- **Data extracts**:
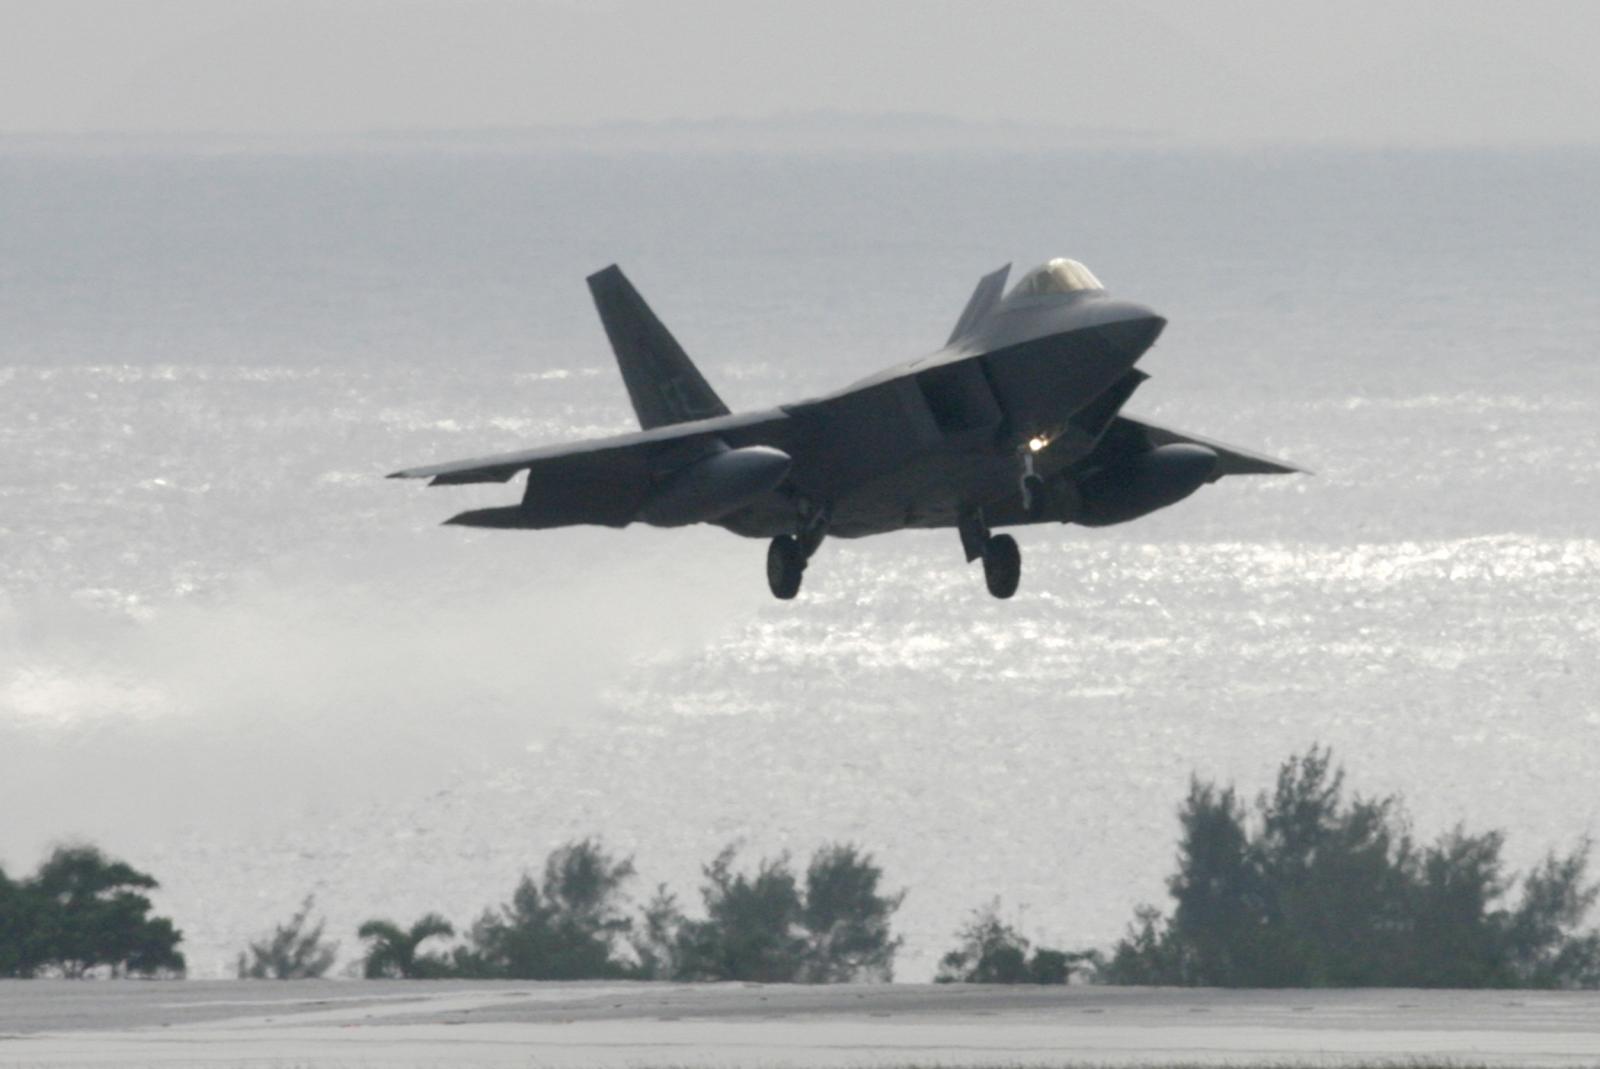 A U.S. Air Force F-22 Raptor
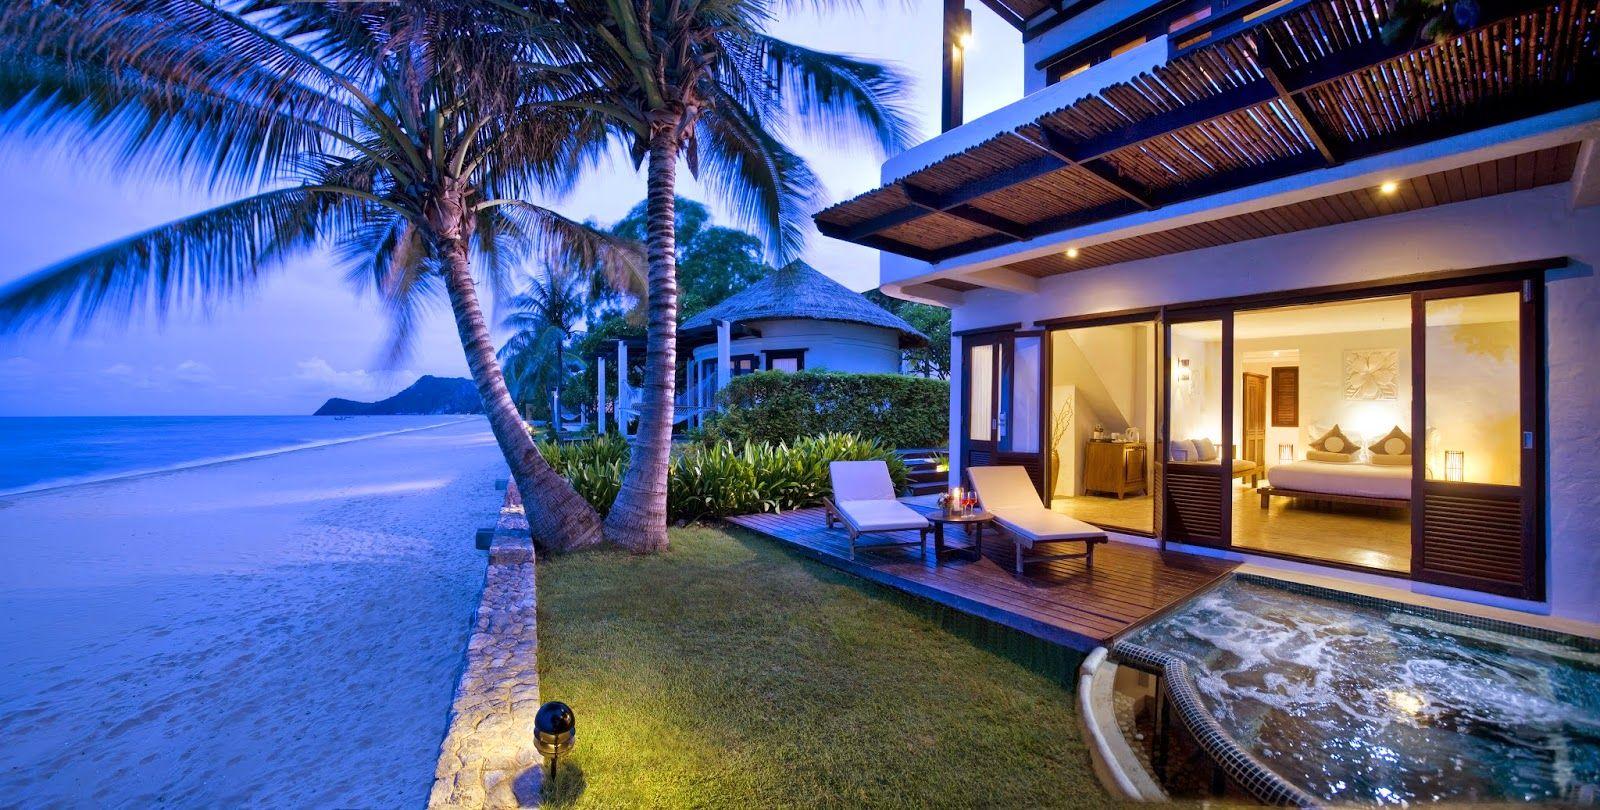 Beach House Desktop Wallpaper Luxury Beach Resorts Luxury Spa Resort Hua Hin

...

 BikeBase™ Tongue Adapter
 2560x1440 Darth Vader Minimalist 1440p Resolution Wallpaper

- **Exercise instructions**:
Above is the material; set down exactly its lines from the one containing "A U.S. Air Force F-22 Raptor" down to the one containing "Beach House Desktop", both included, leaving out any pictures.

- **Result of the exercise**:
 A U.S. Air Force F-22 Raptor
 Beach House Desktop Wallpaper Luxury Beach Resorts Luxury Spa Resort Hua Hin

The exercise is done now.